A kind of determination method of destination document provided by the embodiments of the present application carries trained mark by obtaining at least one The Training document of label is trained neural network according to the training label that the Training document and the Training document carry, Target nerve network is obtained, by target nerve network, obtains the document label of document to be matched and the text mark of target text Label, wherein document to be matched is the document in visible state, target text is the text in clipbook, determining and target text The corresponding document to be matched of the matched document label of text label be destination document.Can user not to document to be matched into It is accurate to determine destination document under the premise of row manual switching, improve user experience.
Based on a kind of determination method for destination document that above embodiments provide, the embodiment of the present application also provides a kind of mesh The determining device of document is marked, is described in detail its working principle with reference to the accompanying drawing.

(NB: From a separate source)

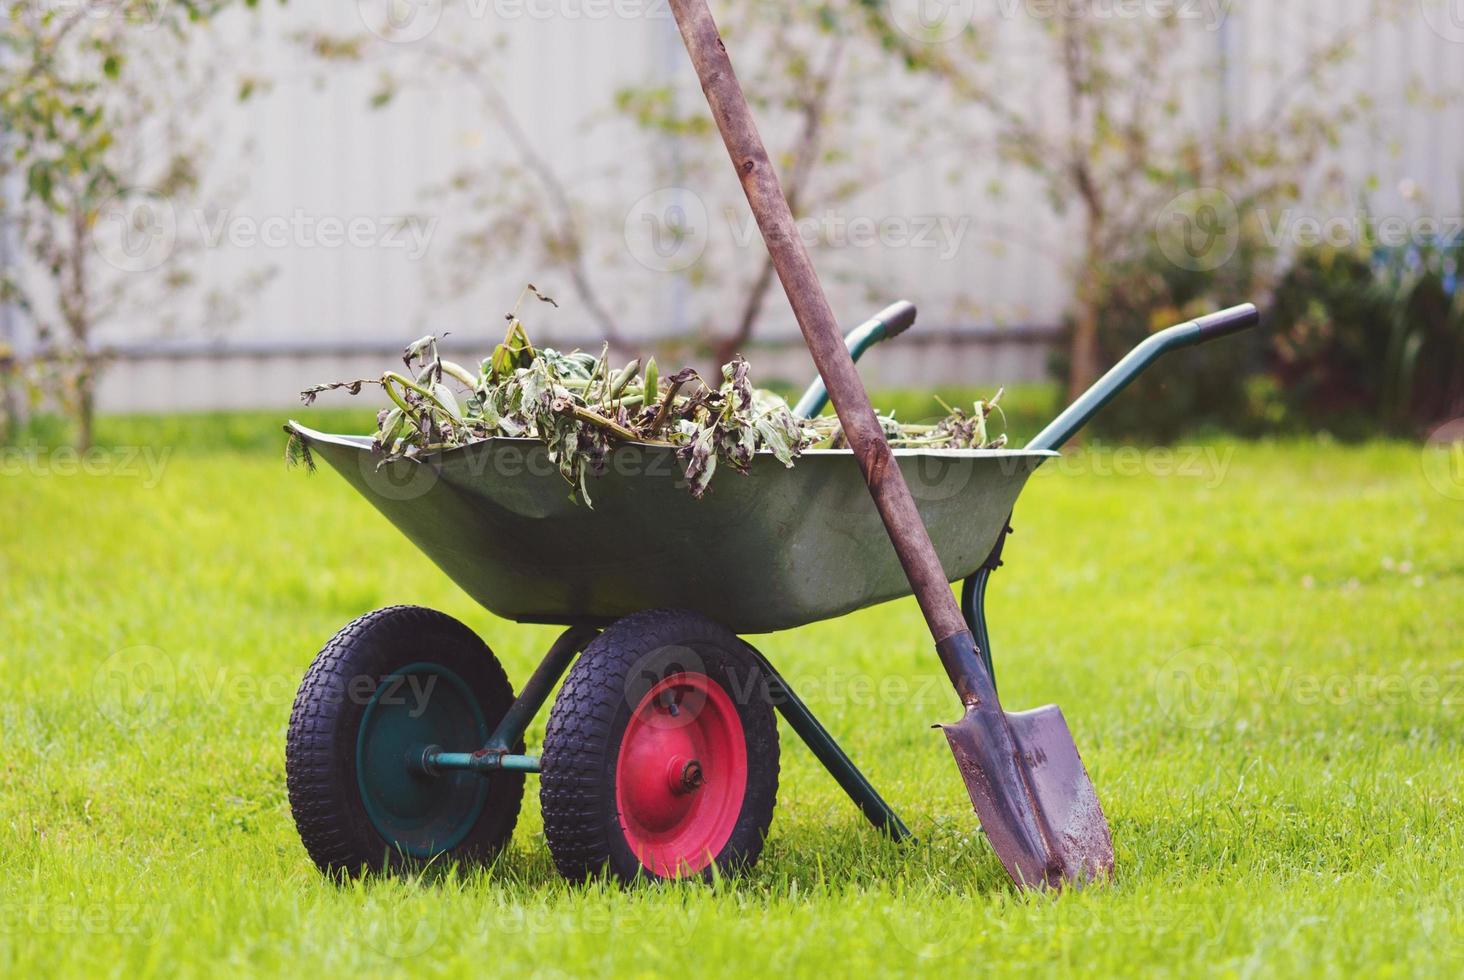 Wheelbarrow in the backyard, green lawn, shovel, uprooted weeds, garden work photo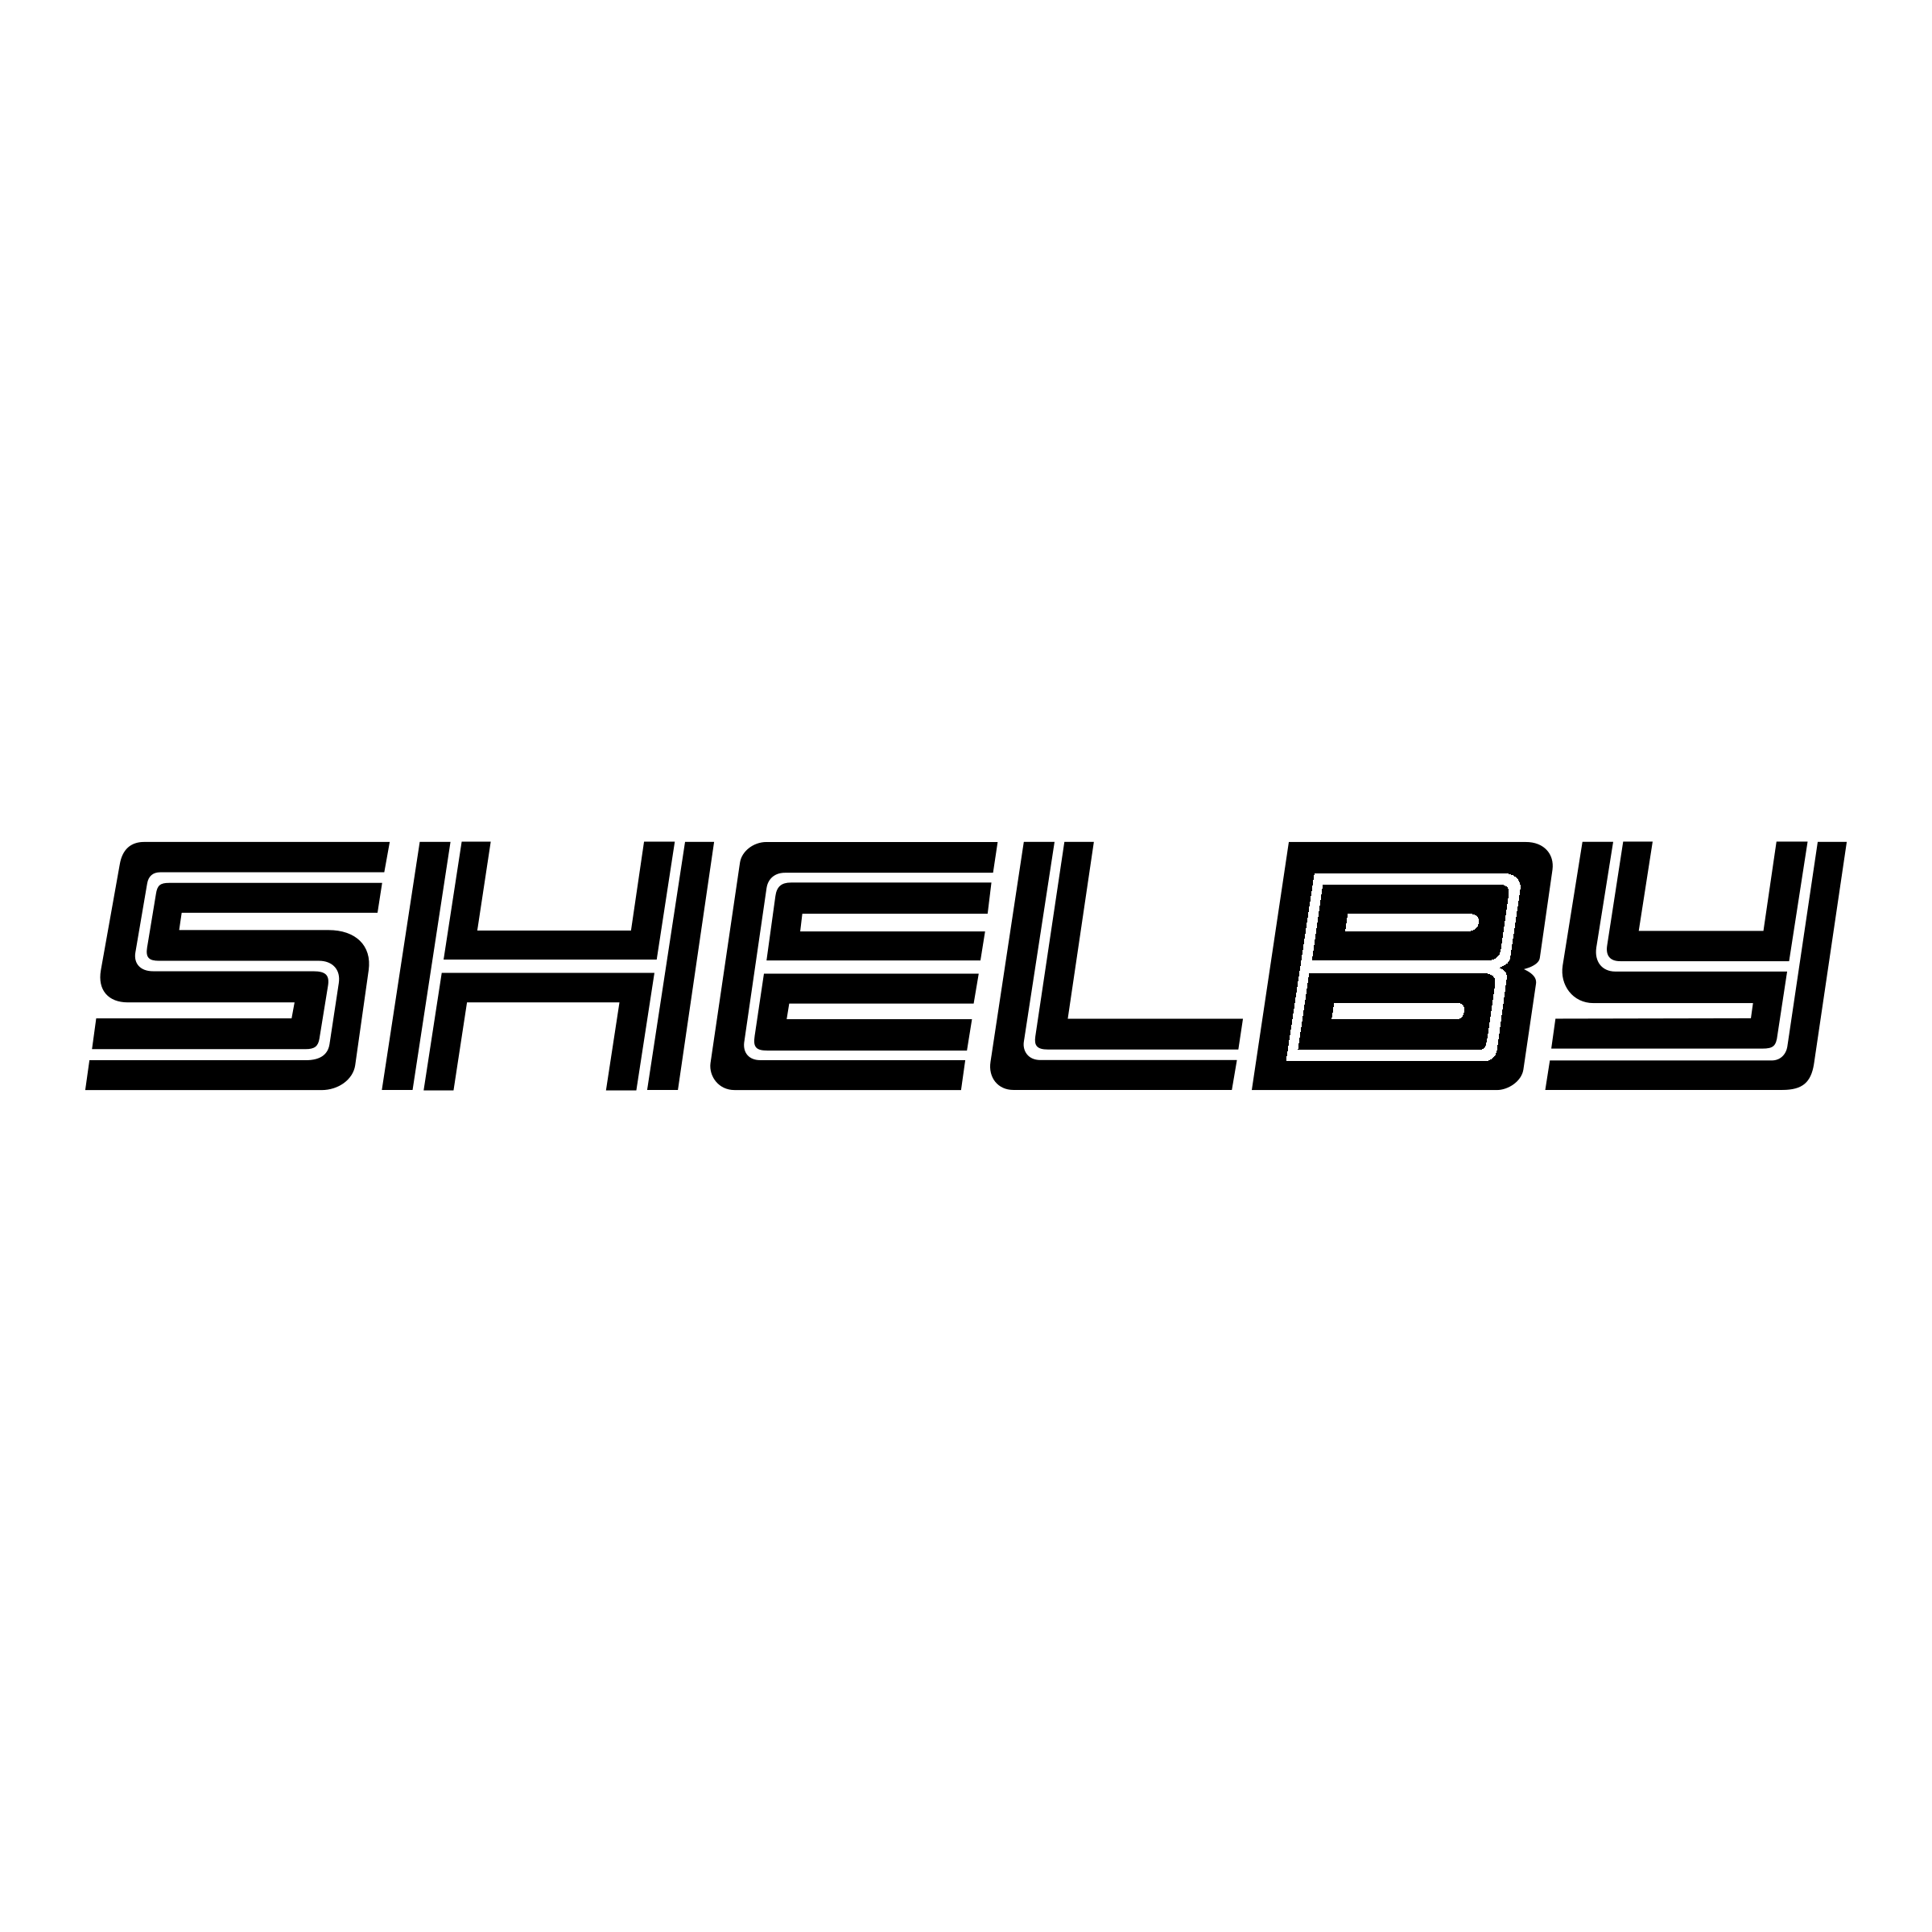 White Shelby Logo - Shelby Logo Black And White. ED. Logos, Shelby logo

Referring to fig. 4, which is a kind of structural block diagram of the determining device of destination document provided by the embodiments of the present application, the dress It sets and includes:
Training document acquiring unit 401, for obtaining at least one Training document for carrying trained label;
Target nerve network acquiring unit 402, for the training according to the Training document and Training document carrying Label is trained neural network, obtains target nerve network;
Document label acquiring unit 403, for obtaining the document mark of document to be matched by the target nerve network Label;The document to be matched is the document in visible state;
Text label acquiring unit 404, for obtaining the text label of target text by the target nerve network; The target text is the text in clipbook;
Destination document determination unit 405, for the determining matched document label pair of text label with the target text The document to be matched answered is destination document.
Optionally, the target nerve network acquiring unit, comprising:
First term vector matrix generation unit, for obtaining the training characteristics word of the Training document, according to the training Feature Words generate the term vector matrix for corresponding to the Training document;
Neural metwork training unit, for what is carried according to the term vector matrix of the Training document and the Training document Training label, is trained neural network, forms target nerve network.
Optionally, the document label acquiring unit, comprising:
Second term vector matrix generation unit, for obtaining the processing feature word of the document to be matched, according to the place It manages Feature Words and generates the term vector matrix for corresponding to the document to be matched;
Document label obtains subelement, for generating and corresponding to the document to be matched by the target nerve network Term vector matrix document to be matched document label;
The text label acquiring unit, comprising:
Third term vector matrix generation unit, for obtaining the text feature word of the target text, according to the text Feature Words generate the term vector matrix for corresponding to the target text;
Text label obtains subelement, for generating and corresponding to the target text by the target nerve network The text label of the target text of term vector matrix.
Optionally, the document to be matched includes the first document, then destination document determination unit is specifically used for:
If the document label of first document is same or similar with the text label, using first document as Destination document.
Optionally, described device further include:
Display unit, for showing the destination document to user.
A kind of determination method and device of destination document provided by the embodiments of the present application, is carried by obtaining at least one The Training document of training label, according to the training label that the Training document and the Training document carry, to neural network into Row training, obtain target nerve network, by target nerve network, obtains the document label and target text of document to be matched Text label, wherein document to be matched is the document in visible state, target text is the text in clipbook, determining and mesh The corresponding document to be matched of the matched document label of text label for marking text is destination document.
In the embodiment of the present application, target text is the text in clipbook, i.e., text to be pasted, wherein target is literary This text label is the theme that can embody target text, and document to be matched is the document in visible state, is The document that user opens, wherein the document label of document to be matched is the theme that can embody document to be matched.If therefore having The document label of document to be matched is matched with the text label of target text, then illustrates that the document to be matched is and target text The same or similar document of theme, it is higher that user wants a possibility that pasting target text in the document to be matched, therefore It, can be calibrated under the premise of user does not carry out manual switching to document to be matched using the document to be matched as destination document True determines destination document, improves user experience.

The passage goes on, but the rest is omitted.